Patient's Query
Hello doctor,
I have had elbow pain for around six months. When I bend my arm at 90 degrees or more, I get a sharp pain. This is typically during skullcrushers, the top half of a tricep pulldown, some variations of pullups, and even some variations of pushups. I visited a physio who told me I have tendinosis, which means due to the intense friction in the area during these movements, my tight tricep tendon is pulling on my elbow tendon, and that is why I feel sharp pain at these angles. The solutions he has given me are not helping, and in fact, it is getting worse.
Please help.
Thank you.
Hello,
Welcome to icliniq.com.
I can understand your concern.
Thanks for explaining your situation so clearly. Chronic elbow pain like this, especially when it is worsening, is deeply frustrating. Given that it has been ongoing for six months and your current treatment is not only ineffective but possibly aggravating the issue, it is important to take a more strategic and perhaps multidisciplinary approach. Based on your description, a few things stand out:
Pain during elbow flexion of more than 90 degrees, especially under load.

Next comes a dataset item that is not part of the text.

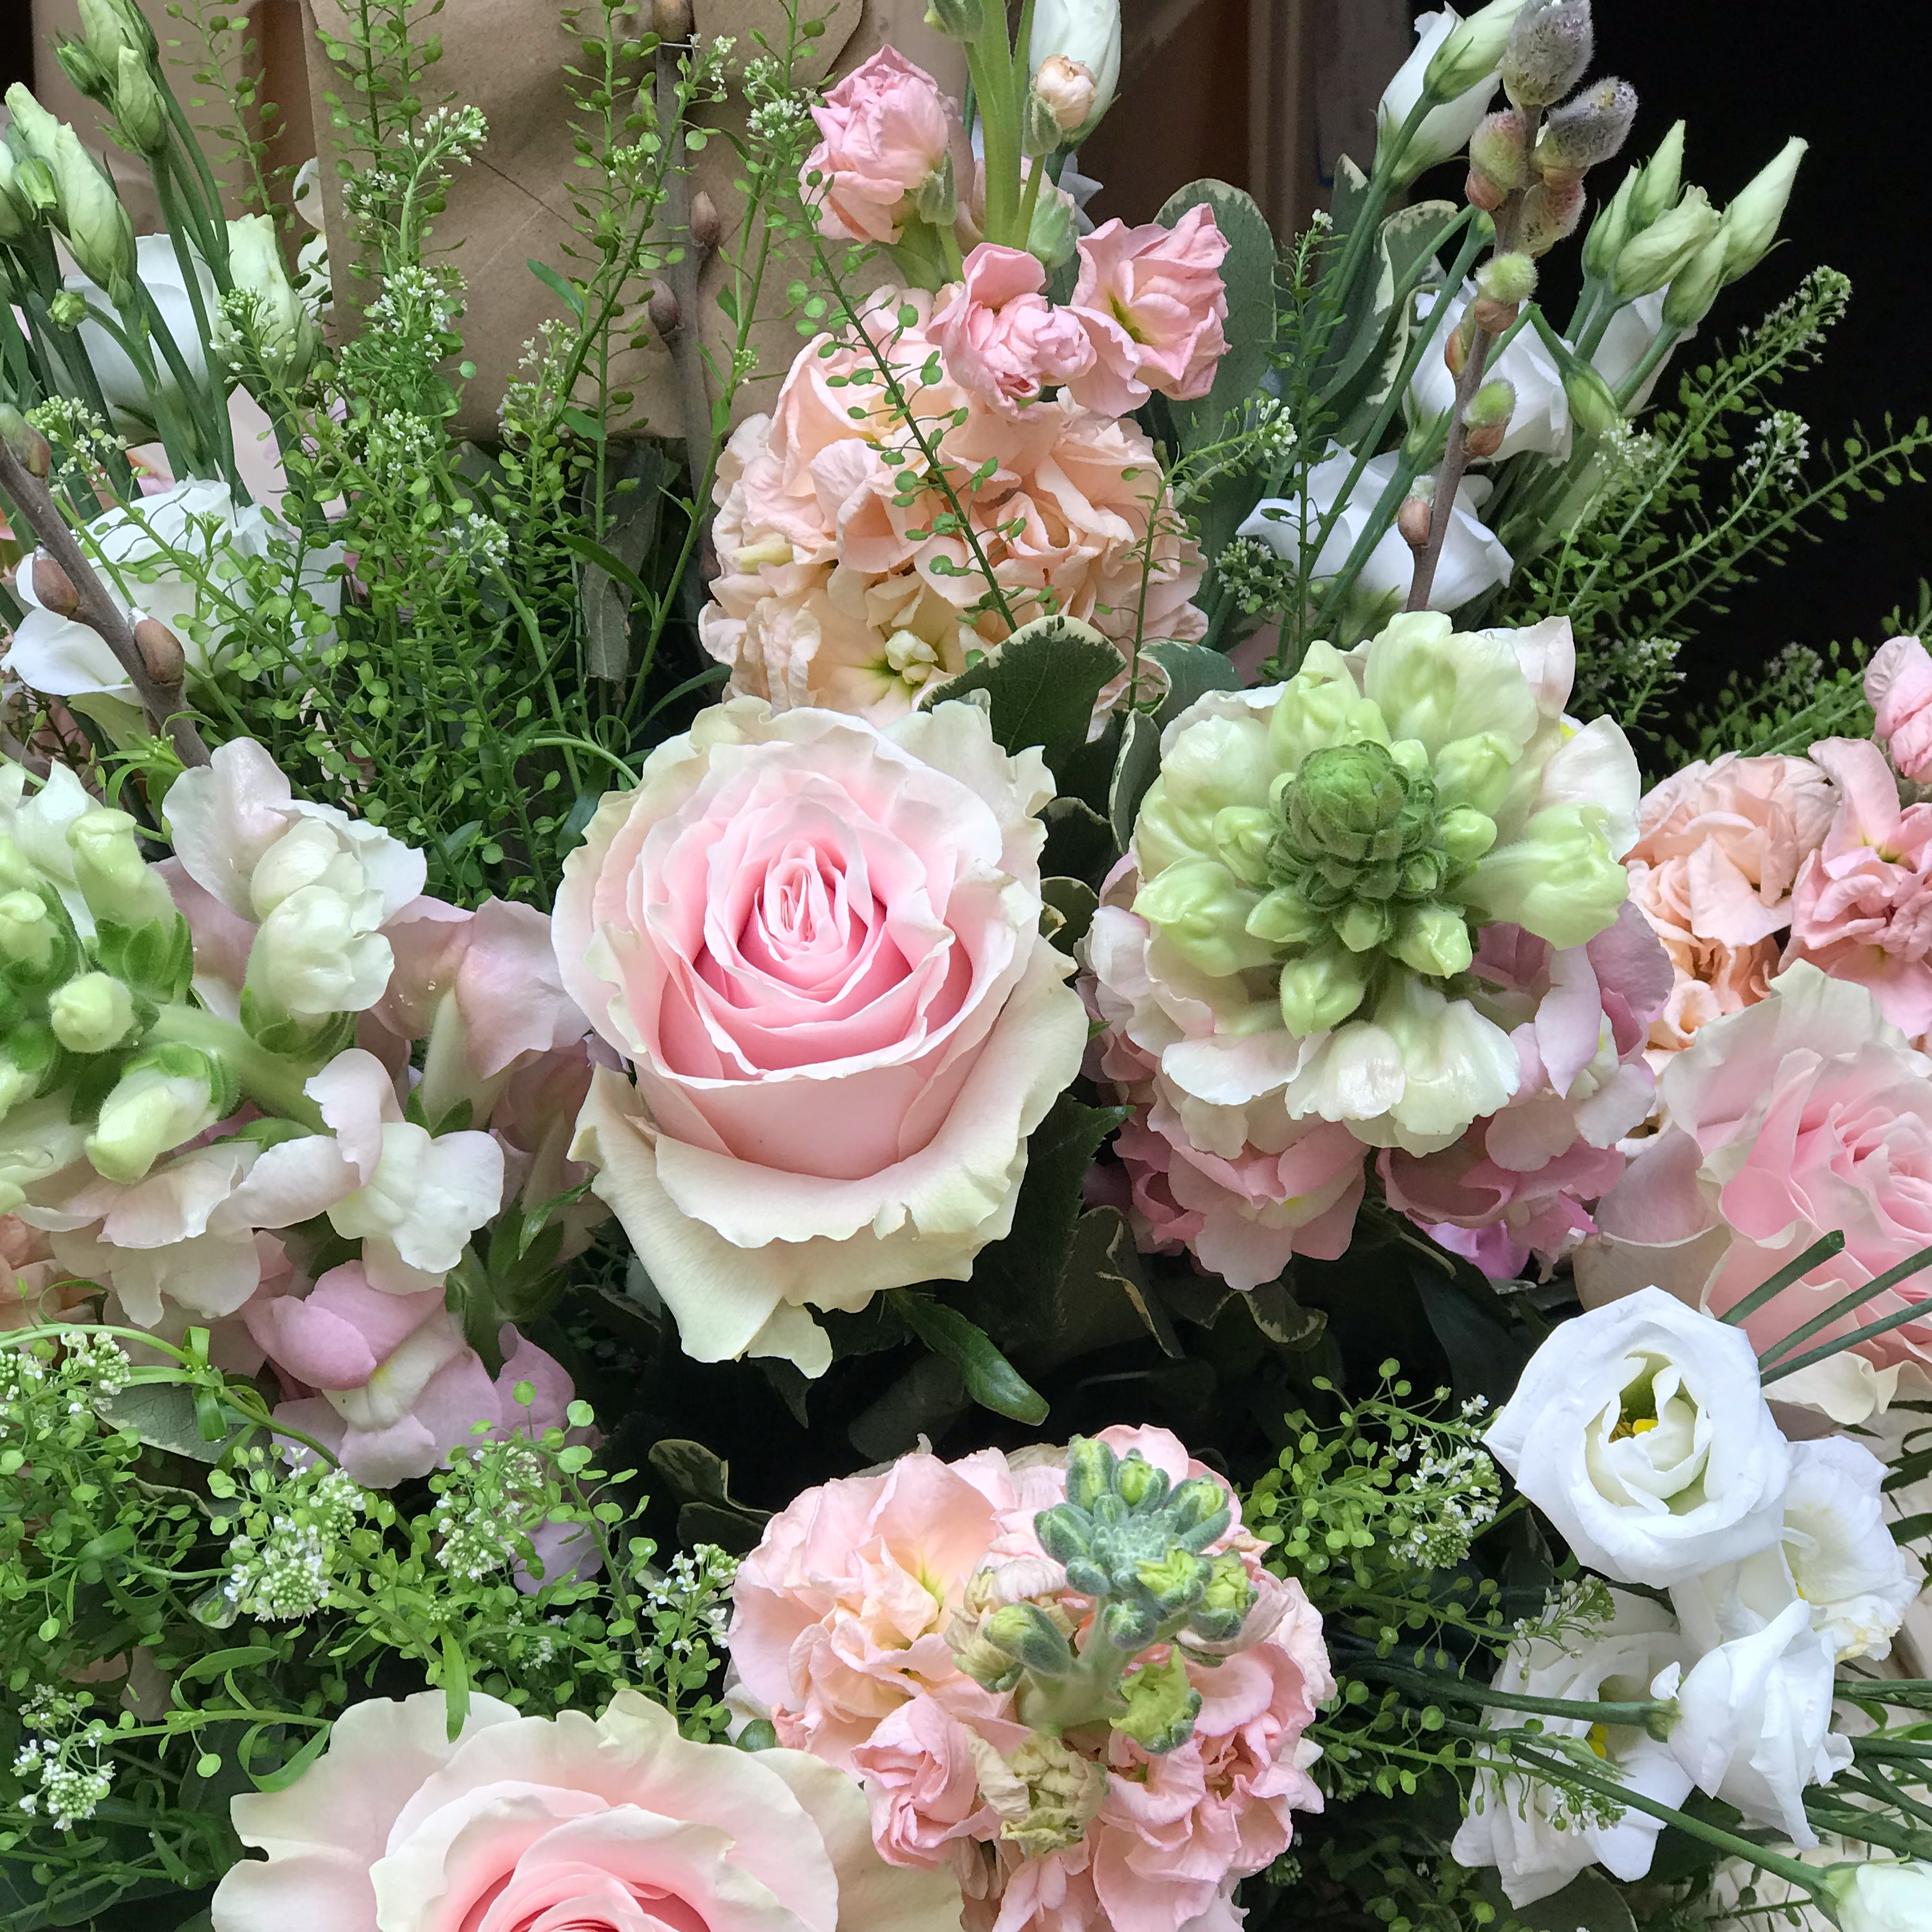 A bouquet of pink and white flowers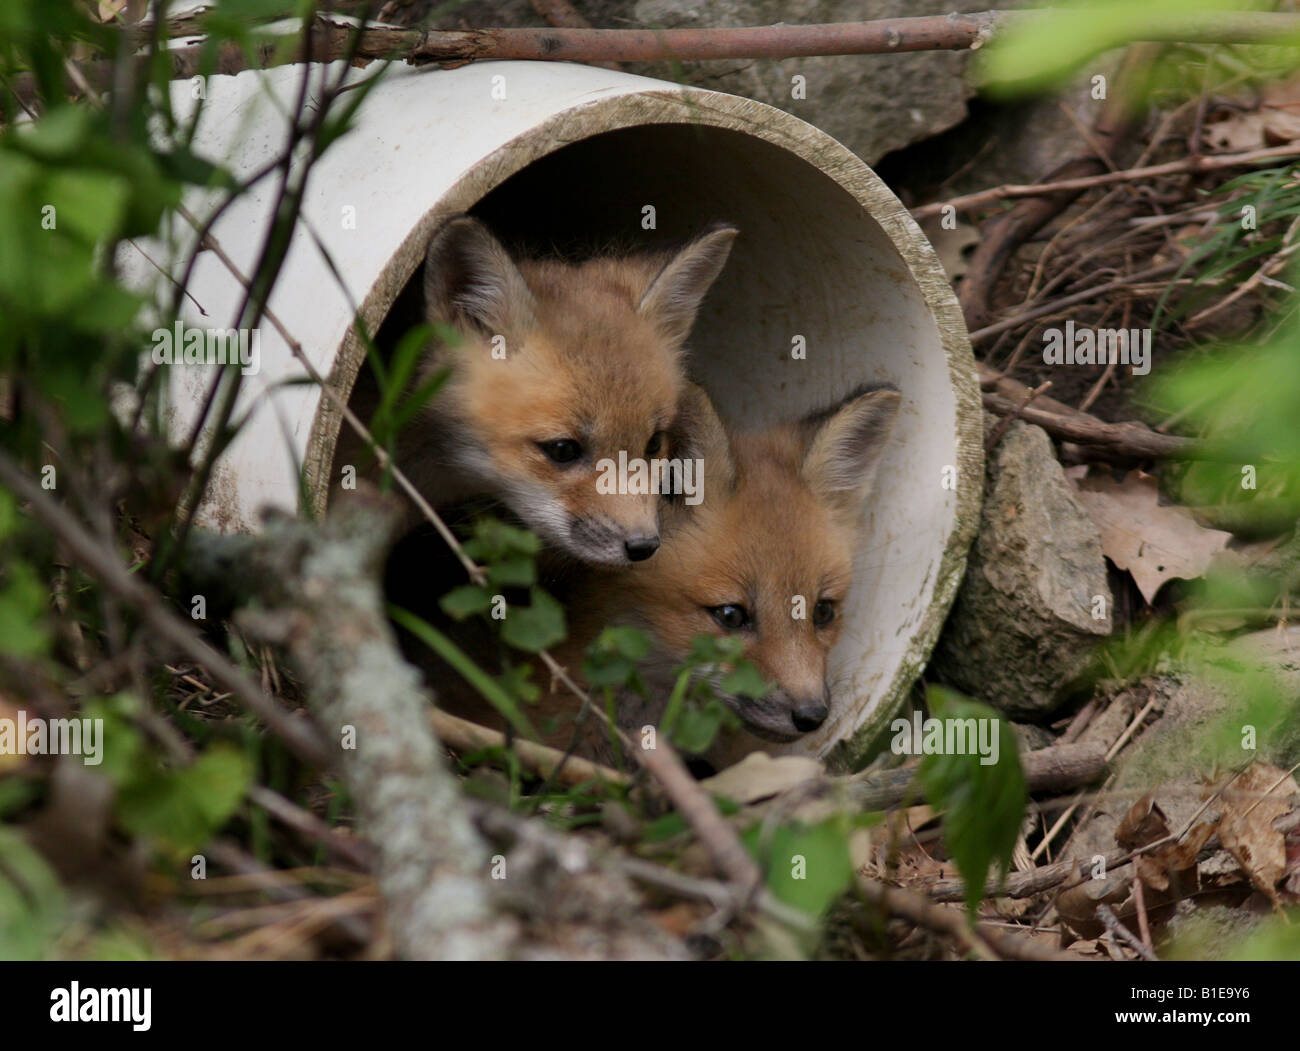 red fox pup baby young pups den pipe sewer drain urban play puppy ohio united states usa america playing puppies Stock Photo

Involvement in skullcrushers, tricep pulldowns (top half), pullups, pushups, all involving the triceps, and likely elbow extension or flexion under tension.
Diagnosis: Triceps tendonosis leading to traction on the elbow.
Immediate recommendations:
1. Stop aggravating movements- Strict deload.
You are likely stuck in a cycle of microtrauma without time for recovery. For now:
Stop all loaded triceps extension movements (skullcrushers, pushdowns, dips, overhead triceps, etc.)
Pause all pullups and pushups, especially those that stress elbow flexion angles more than 90 degrees.
Substitute with isometric exercises and unloaded mobility work.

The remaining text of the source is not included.